In the face of either losing jobs in Michigan or losing jobs in Pennsylvania, how do we choose?(*) With steel tariffs, we save jobs in Pennsylvania at the expense of jobs in Michigan; along the way, all Americans get to pay more for anything made out of steel or made using machinery that’s made out of steel (in other words, just about everything). If we instead choose free trade, then we preserve jobs in Michigan at the expense of jobs in Pennsylvania. However, in the process, all American get to pay less for things made out of steel and things made using equipment made out of steel.

Viewed in this light, the choice is obvious: free trade, which creates wealth, is better than restricting free trade, which destroys wealth. (Note that by “wealth”, I mean national wealth, as in GDP, not wealth as in more money for rich people.) Jobs are going to be lost either way, but with free trade, a portion of the benefits can be allocated to job retraining, adult education, and unemployment insurance to help soften the losses in the affected industry. With restricted trade, there is less wealth to go around so there is less money, not more, available to spend on easing the burden of unemployed workers.

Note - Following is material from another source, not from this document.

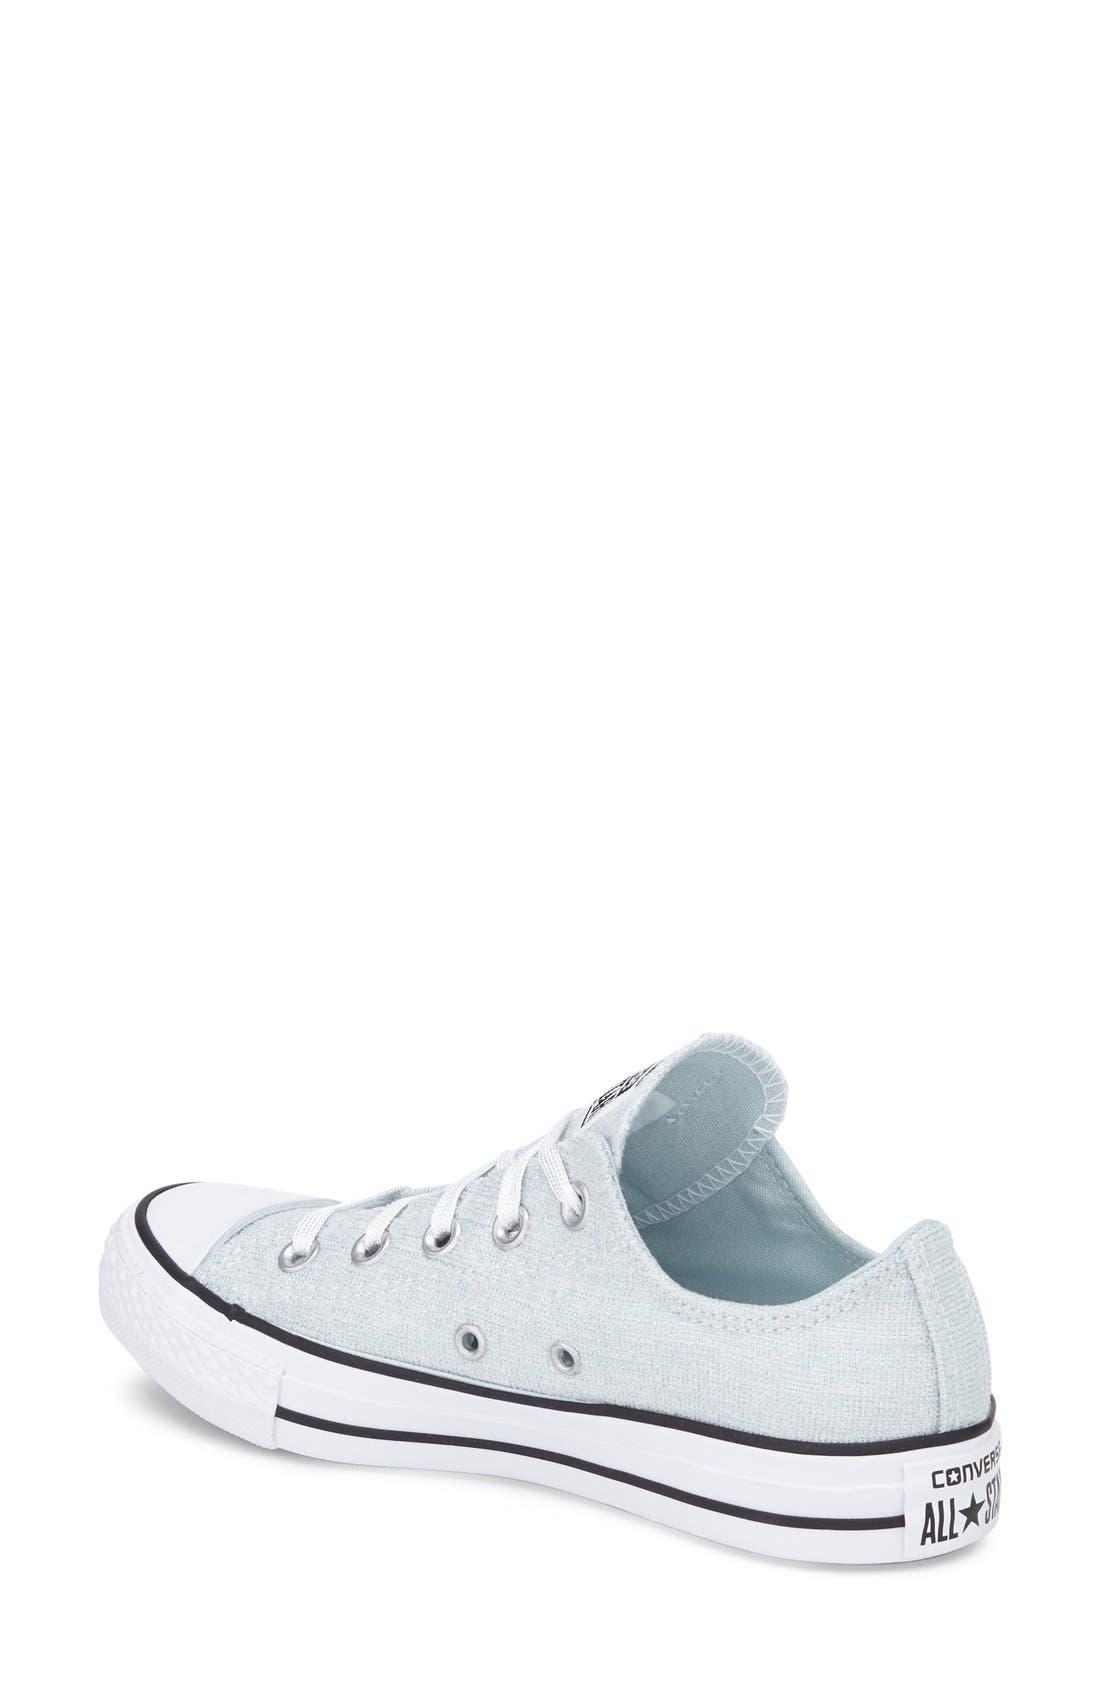 Alternate Image 2  - Converse Chuck Taylor® All Star® Chuck Ox Knit Low Top Sneaker (Women)

Finally, how are the benefits of free trade distributed? With the sole exception of workers in industries that lose jobs (and remember that jobs will be lost either way), the benefits go to people who sell, make, or buy stuff–meaning just about everyone. And, unlike most things in life, the benefits of free trade accrue in a progressive fashion. Free trade lowers the price of food, clothing, consumer electronics, and cars. Poor and middle class families spend the large majority of their income on just these goods; as family income rises, a smaller portion is spent on these goods. For example, one study estimates the savings due to expanded free trade under the proposed Free Trade Area of the Americas (FTAA) at $814 for a family of four. That estimate is from FTAA advocates and may be high but whatever the true number is, the savings are about the same regardless of where a family lies in the income distribution. In percentage terms, this makes the benefits very progressive. For a family near the poverty line (about $16,000), saving $814 is a 5% reduction in the cost of living. For a family making $100,000, the same benefit amounts to a $.08% savings. (**)

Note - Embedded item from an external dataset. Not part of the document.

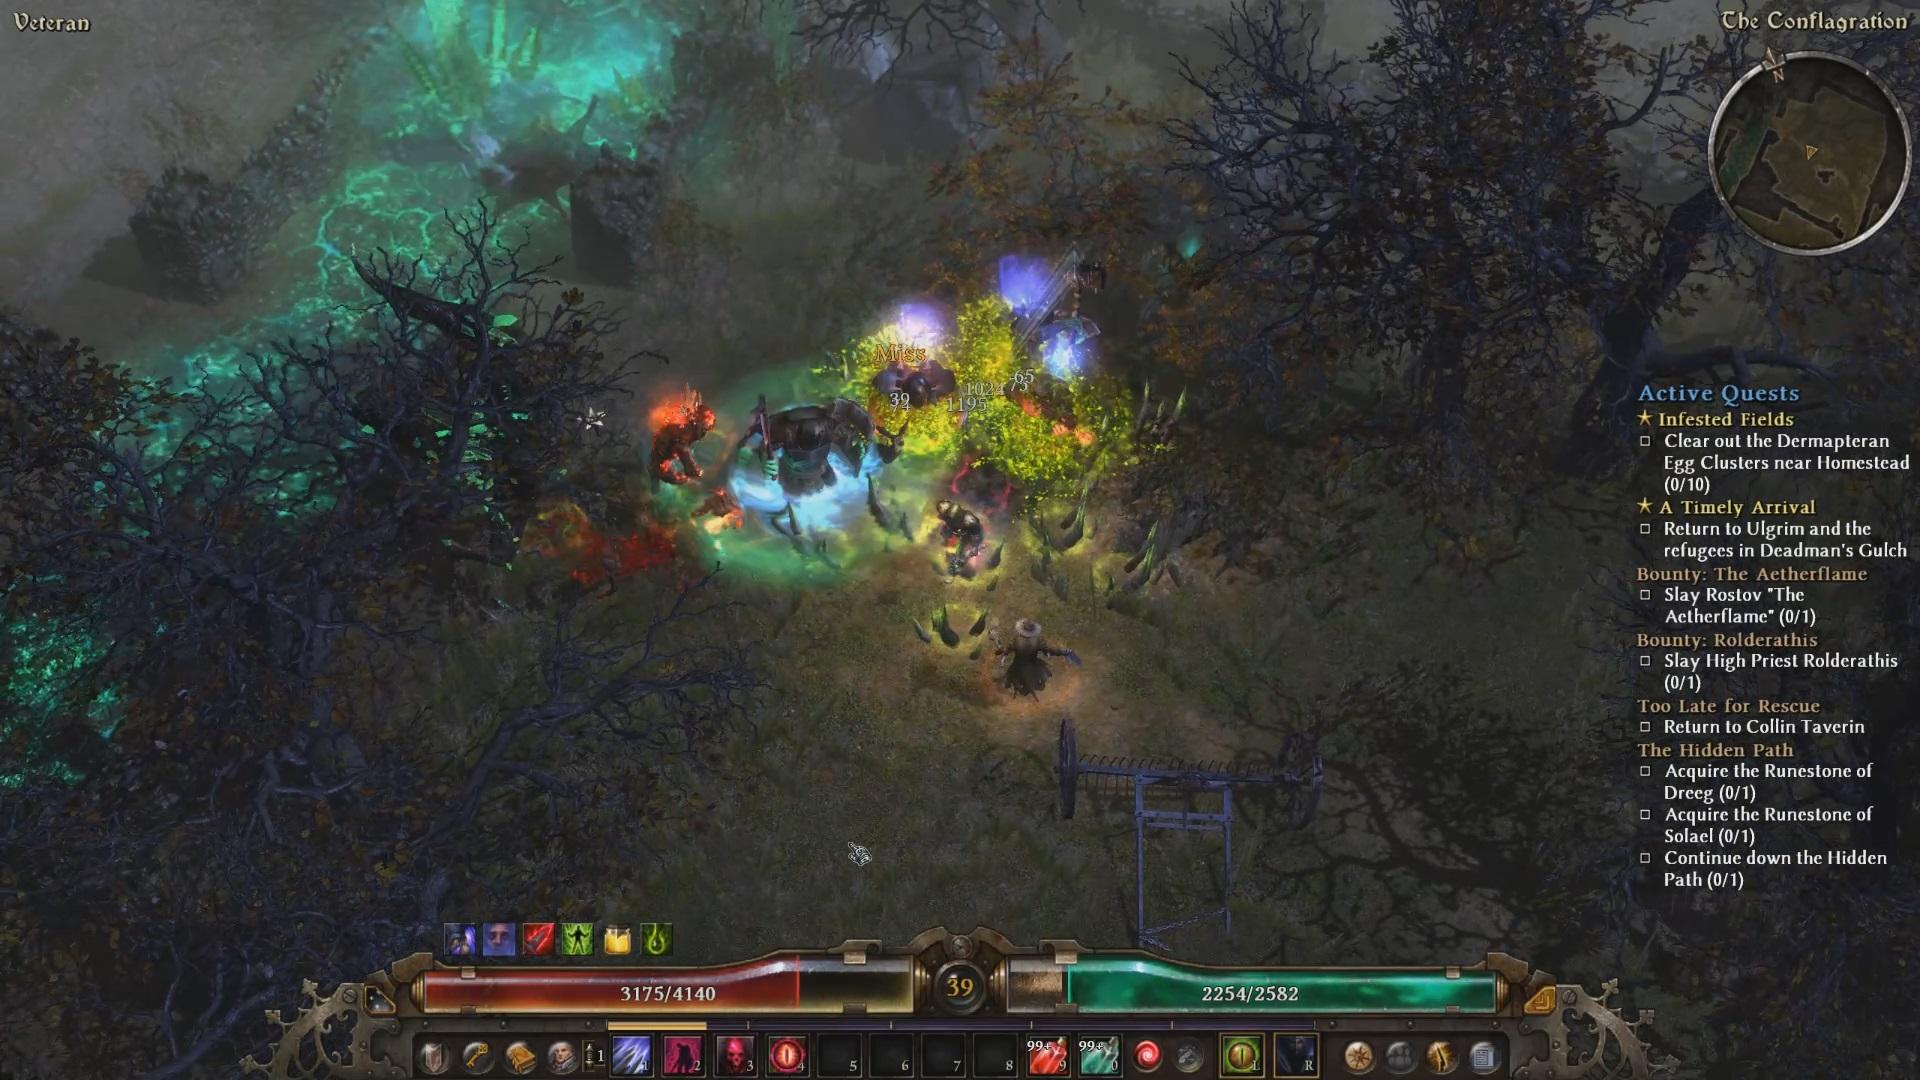 Grim Dawn Map Interactive Related Keywords & Suggestions - Grim Dawn

It has always struck me as odd that people who oppose free trade are generally in favor of progressive policies. On the other hand, this gives me a new theory of why the Bush administration has been surprisingly anti-trade.

AB

(*) With the current administration, the choice is easy: which state is closer to voting for Bush in 2004? Pennsylvania! Oh, then go with steel tariffs and screw the auto industry workers. That’s opportunism, not policy.

(**) The benefits are spread fairly evenly across the population even though the wealthy spend more on food, clothes, and cars than the poor, because as you move up the luxury scale a smaller amount of the total price of the good is attributable to the costs of inputs. A Corvette and an entry model Saturn use about the same amount of steel, so each car would be a few hundred dollars cheaper without steel tariffs. In percentage terms, this is a noticeable benefit to Saturn buyers and a trivial benefit to Corvette purchasers. The same is true for high-end clothing and expensive meals.